Disability Now – Paul Darke

January 1999 TV Review

 

All those who say disability is invisible in culture should take up television reviewing.  We have had disability bits on Children in Need (BBC 1), Home Front (BBC 2), another Holiday episode (BBC 1) and Channel 4’s Garden Doctors.  All of which were very sensible, suitably politically correct, and awfully normalising in their attitude towards disabled people.

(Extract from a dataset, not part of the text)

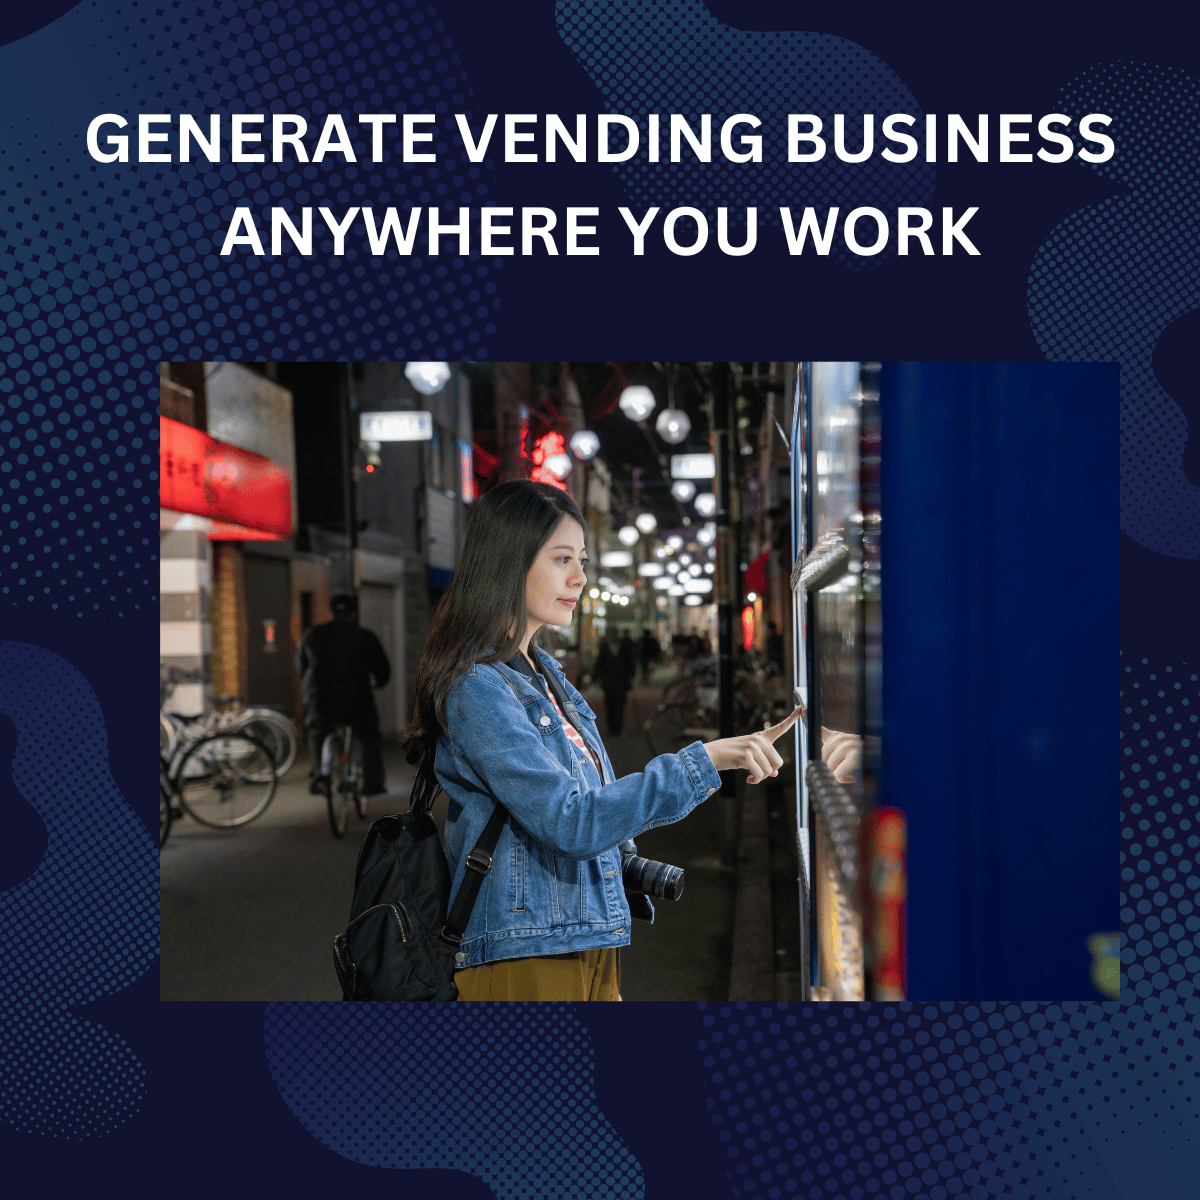 GENERATE VENDING BUSINESS ANYWHERE YOU WORK

No doubt all the programme makers feel they have done their duty and provided a social service.  Sad really, but one mustn’t grumble!  I’m being too hard on them, I know, at least it gives society a little bit of variety and spice to watch of an evening.  Interestingly though, they were all somewhat incoherent in what they were saying or articulating, as is the continuing new series of From the Edge (BBC 2, Tuesday evenings); a programme that amazes more and more each time I watch it.

 

By far the most interesting disability programmes on television in the last year were ITV’s Changing Faces (24 Nov) and BBC 1’s QED The Bionic Woman (1 Dec); both of which revealed the truly frightening nature of modern medicine and its determination to rid society of disabled people.  This was not the intention of either documentary, quite the opposite in fact, they wanted to show how medical advances were ‘helping the disabled’; from plastic surgery for people with Downs Syndrome in Changing Faces to electronic spinal implants for paraplegics in QED.  

 

Changing Faces used the examples of two families with a young child, and an older man, all with Downs Syndrome whom all received varying degrees of plastic surgery to make them more ‘normal’.   QED, similarly, followed the medical profession’s attempts to make the paraplegic Julie Hill stand and walk and cycle so that she could be more ‘normal’- and they will, rather worryingly, succeed.  Each film offered a glimpse of things to come for disabled people as we enter the 21st Century: society doing all it can for those prepared to be normalised whit the rest of us being left to ‘rest in peace’.  These programmes frightened me, literally and Changes Faces brought me to tears  – its becoming a habit - at the sight of an adorable four year old boy called Michael bleeding from his eyes, nose, ears, chin and cheeks, and wrapped in bandages, moments after radical plastic surgery.  All carried out in the name of normality.  All I could feel was that this is not love and it is definitely not care but it is the future.  Help!